> _Requirement_: Write out every record below exactly, so that nothing differs from what is shown.

> _Data for processing_:
★ ★ ★ ★ ★
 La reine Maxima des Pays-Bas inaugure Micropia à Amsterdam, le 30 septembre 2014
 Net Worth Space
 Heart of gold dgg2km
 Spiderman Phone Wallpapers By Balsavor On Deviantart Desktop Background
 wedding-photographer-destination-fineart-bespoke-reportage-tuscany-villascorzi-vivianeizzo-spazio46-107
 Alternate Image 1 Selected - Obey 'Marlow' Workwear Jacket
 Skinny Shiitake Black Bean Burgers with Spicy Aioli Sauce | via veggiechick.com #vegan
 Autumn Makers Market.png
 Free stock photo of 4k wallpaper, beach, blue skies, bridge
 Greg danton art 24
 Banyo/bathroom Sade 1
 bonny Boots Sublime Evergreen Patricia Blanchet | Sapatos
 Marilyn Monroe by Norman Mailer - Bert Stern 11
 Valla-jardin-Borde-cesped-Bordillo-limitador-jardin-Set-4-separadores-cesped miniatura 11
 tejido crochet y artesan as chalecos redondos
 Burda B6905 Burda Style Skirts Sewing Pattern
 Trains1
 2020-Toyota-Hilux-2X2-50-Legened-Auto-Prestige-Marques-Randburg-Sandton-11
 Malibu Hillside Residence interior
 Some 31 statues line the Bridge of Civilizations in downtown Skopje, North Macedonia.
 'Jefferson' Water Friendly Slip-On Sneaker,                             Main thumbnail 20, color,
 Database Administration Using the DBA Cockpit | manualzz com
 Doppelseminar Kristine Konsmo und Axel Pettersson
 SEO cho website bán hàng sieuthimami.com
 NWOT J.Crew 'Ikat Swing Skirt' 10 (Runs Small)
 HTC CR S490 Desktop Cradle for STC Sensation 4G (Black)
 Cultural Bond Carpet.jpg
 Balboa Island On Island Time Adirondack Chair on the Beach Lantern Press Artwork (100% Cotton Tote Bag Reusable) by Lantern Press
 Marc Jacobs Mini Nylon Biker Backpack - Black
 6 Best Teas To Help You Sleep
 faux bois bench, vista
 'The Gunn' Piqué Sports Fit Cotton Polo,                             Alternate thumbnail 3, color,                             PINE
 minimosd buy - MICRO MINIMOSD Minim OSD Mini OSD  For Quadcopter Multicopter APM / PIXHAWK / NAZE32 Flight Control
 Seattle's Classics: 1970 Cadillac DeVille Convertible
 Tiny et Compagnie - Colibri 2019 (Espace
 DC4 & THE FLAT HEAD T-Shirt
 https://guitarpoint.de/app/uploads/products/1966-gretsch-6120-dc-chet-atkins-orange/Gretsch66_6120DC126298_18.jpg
★ ★ ★ ★ ★
> _Response to the task_:
 La reine Maxima des Pays-Bas inaugure Micropia à Amsterdam, le 30 septembre 2014
 Net Worth Space
 Heart of gold dgg2km
 Spiderman Phone Wallpapers By Balsavor On Deviantart Desktop Background
 wedding-photographer-destination-fineart-bespoke-reportage-tuscany-villascorzi-vivianeizzo-spazio46-107
 Alternate Image 1 Selected - Obey 'Marlow' Workwear Jacket
 Skinny Shiitake Black Bean Burgers with Spicy Aioli Sauce | via veggiechick.com #vegan
 Autumn Makers Market.png
 Free stock photo of 4k wallpaper, beach, blue skies, bridge
 Greg danton art 24
 Banyo/bathroom Sade 1
 bonny Boots Sublime Evergreen Patricia Blanchet | Sapatos
 Marilyn Monroe by Norman Mailer - Bert Stern 11
 Valla-jardin-Borde-cesped-Bordillo-limitador-jardin-Set-4-separadores-cesped miniatura 11
 tejido crochet y artesan as chalecos redondos
 Burda B6905 Burda Style Skirts Sewing Pattern
 Trains1
 2020-Toyota-Hilux-2X2-50-Legened-Auto-Prestige-Marques-Randburg-Sandton-11
 Malibu Hillside Residence interior
 Some 31 statues line the Bridge of Civilizations in downtown Skopje, North Macedonia.
 'Jefferson' Water Friendly Slip-On Sneaker,                             Main thumbnail 20, color,
 Database Administration Using the DBA Cockpit | manualzz com
 Doppelseminar Kristine Konsmo und Axel Pettersson
 SEO cho website bán hàng sieuthimami.com
 NWOT J.Crew 'Ikat Swing Skirt' 10 (Runs Small)
 HTC CR S490 Desktop Cradle for STC Sensation 4G (Black)
 Cultural Bond Carpet.jpg
 Balboa Island On Island Time Adirondack Chair on the Beach Lantern Press Artwork (100% Cotton Tote Bag Reusable) by Lantern Press
 Marc Jacobs Mini Nylon Biker Backpack - Black
 6 Best Teas To Help You Sleep
 faux bois bench, vista
 'The Gunn' Piqué Sports Fit Cotton Polo,                             Alternate thumbnail 3, color,                             PINE
 minimosd buy - MICRO MINIMOSD Minim OSD Mini OSD  For Quadcopter Multicopter APM / PIXHAWK / NAZE32 Flight Control
 Seattle's Classics: 1970 Cadillac DeVille Convertible
 Tiny et Compagnie - Colibri 2019 (Espace
 DC4 & THE FLAT HEAD T-Shirt
 https://guitarpoint.de/app/uploads/products/1966-gretsch-6120-dc-chet-atkins-orange/Gretsch66_6120DC126298_18.jpg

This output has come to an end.